MAKALAH
ADAB DAN TATA CARA MENGKAFANI JENAZAH
Diajukan untuk memenuhi tugas mata kuliah “social religious skill”.
Dosen pengampu:
Dr. Achmad Zuhdi Dh, M.Fil.I NIP: 196110111991031001
INA ISLAMIA 03030223103
ANANDA AHMAD I. S. 03040223061
AHMAD SHOHIBUL FADIL 03040223059
PROGRAM STUDI SEJARAH PERADABAN ISLAM FAKULTAS ADAB DAN HUMANIORA
UNIVERSITAS ISLAM NEGERI SUNAN AMPEL
SURABAYA
KATA PENGANTAR
Segala puji dan syukur selalu penulis panjatkan kepada Allah SWT. yang telah memberikan kenikmatan serta mencurahkan rahmatnya kepada kita semua. Tak lupa shalawat serta salam tetap tercurahkan kepada junjungan kita Nabi Muhammad saw. penulis juga berterima kasih kepada dosen pengampu mata kuliah “SOCIAL RELIGIOUS SKILL” bapak Dr.
Achmad Zuhdi Dh, M.Fil.I yang telah memberikan kesempatan kepada penulis, sehingga penulis dapat menyelesaikan tugas yang berjudul “ADAB DAN TATA CARA MENGKAFANI JENAZAH”.
Penulis juga menyadari bahwa ada ketidaksempurnaan dalam penulisan makalah ini.
Maka dari itu penulis memohon maaf sebesar-besarnya apabila ada salah kata atau terdapat banyak kesalahan dan kekurangan dalam penulisan makalah ini maupun dalam penguasaan materi. Penulis juga mengharapkan kritik dan saran yang membangun dari pembaca untuk penulis agar makalah ini dapat dibuat dengan lebih sempurna lagi.
Semoga dengan makalah ini, diharapkan kita mendapatkan ilmu yang belum kita ketahui sebelumnya dan menambah pengetahuan kita yang sudah ada sebelumnya, Aamiin.

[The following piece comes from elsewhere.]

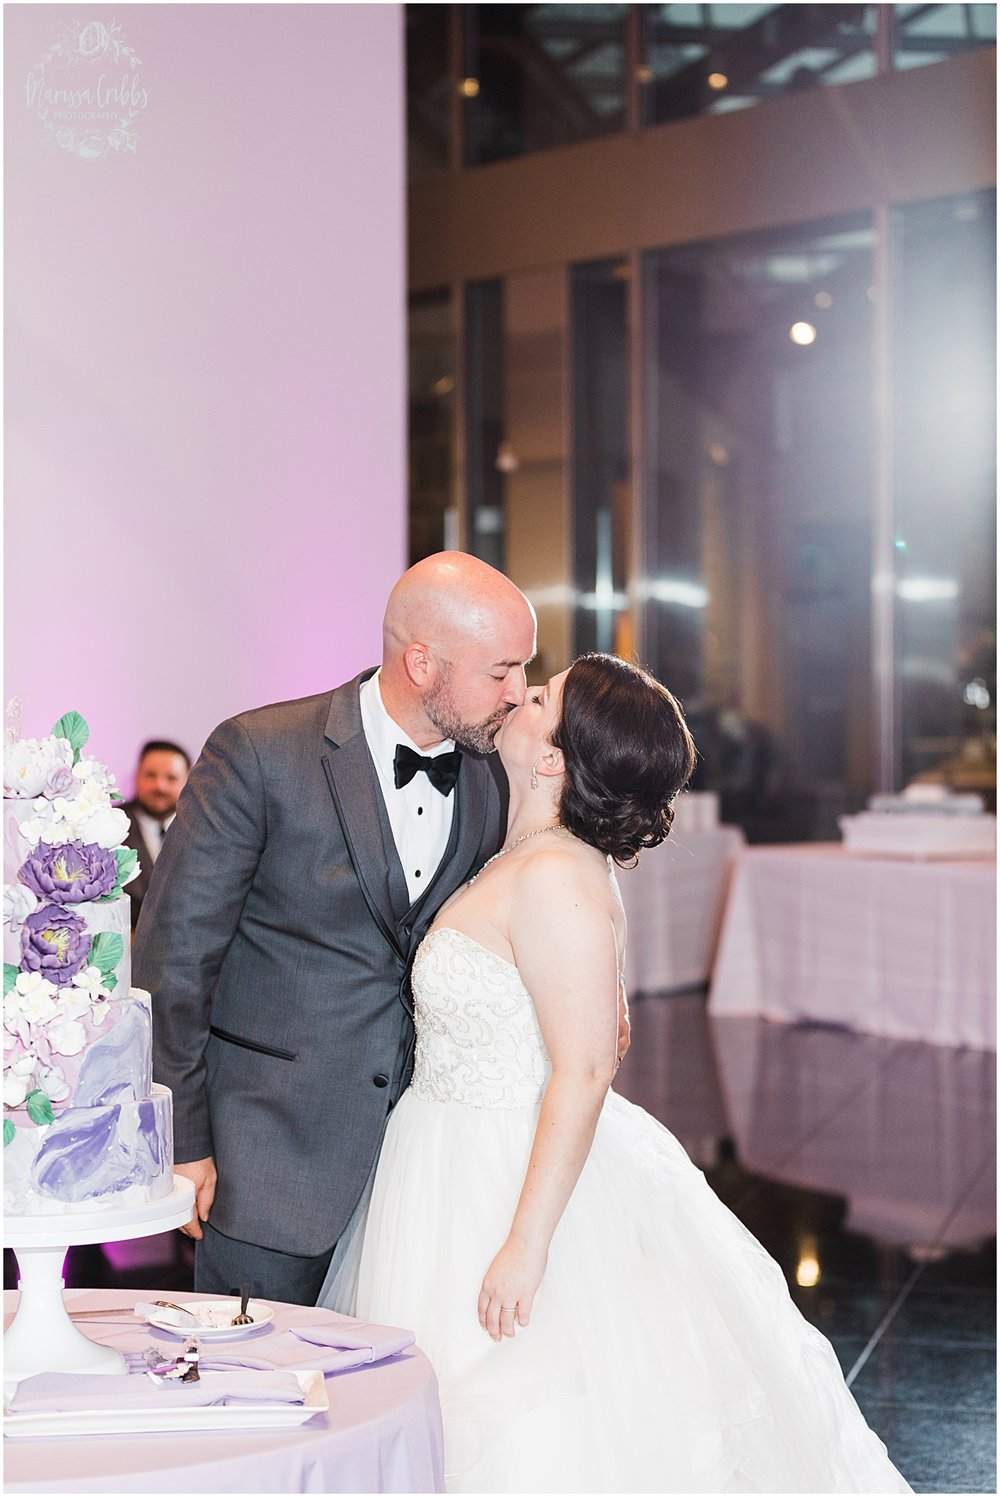 LAURA & DAN MARRIED | NELSON ATKINS MUSEUM | MARISSA CRIBBS PHOTOGRAPHY_7031.jpg

Surabaya, 22 Februari 2025
Penulis
DAFTAR ISI
KATA PENGANTAR...i
DAFTAR ISI...ii
BAB I PENDAHULUAN...1
1.1 latar belakang... 1
1.2 Rumusan masalah... 1
1.3 Tujuan masalah... 1
BAB II PEMBAHASAN...2
2.1 Adab mengkafani jenazah... 2
2.2 tata cara mengkafani jenazah...4
BAB III PENUTUP... 7
KESIMPULAN... 7
DAFTAR PUSTAKA... 8
BAB I PENDAHULUAN 1.1 latar belakang
Kematian merupakan suatu peristiwa yang pasti terjadi dalam kehidupan semua makhluk tidak terkecuali manusia. Meski tak seorangpun yang tau pasti kapan datangnya. Jika ajal sudah menjemput, maka tidak ada yang bisa meminta untuk ditangguhkan. Segala urusan yang ada di dunia terhenti seketika dan tanggung jawab pelaksanaan terhadap orang yang sudah meninggal dunia tersebut menjadi kewajiban bagi orang yang masih hidup. Allah SWT telah menetapkan hukum Fardhu Kifayah, artinya apabila disuatu tempat sudah ada orang yang telah melaksanakannya maka semua orang yang berada di daerah tersebut tidak berdosa. Ini merupakan bentuk tanggung jawab umat Islam terhadap sesama, terutama bagi orang yang sudah meninggal dunia. Nabi Muhammad Saw melalui risalah yang dibawanya telah memberikan pedoman komprehensif yang mengatur segala aspek kehidupan manusia. Salah satu aturan yang ditetapkannya adalah tentang cara menghadapi jenazah, mulai dari cara menghadapi orang yang sedang sakaratul maut, sampai pada proses menguburkan jenazah ke liang lahat. Semua itu dijelaskan secara lengkap agar memudahkan umat Islam dalam memberikan hak kepada mayit untuk mendapatkan penyelenggaraan terbaik. Fenomena yang terjadi di dalam kehidupan sehari- hari masih banyak di antara umat Islam yang belum mengetahui tata cara penyelenggaraan jenazah dengan baik dan benar serta sesuai dengan ajaran Islam, maka dibutuhkan panduan sebagai acuan dalam proses praktikum penyelenggaraan jenazah yang sistematis dan komprehensif serta mudah diterapkan.
1.2 Rumusan masalah
1. Apa saja adab yang harus diperhatikan dalam proses mengkafani jenazah?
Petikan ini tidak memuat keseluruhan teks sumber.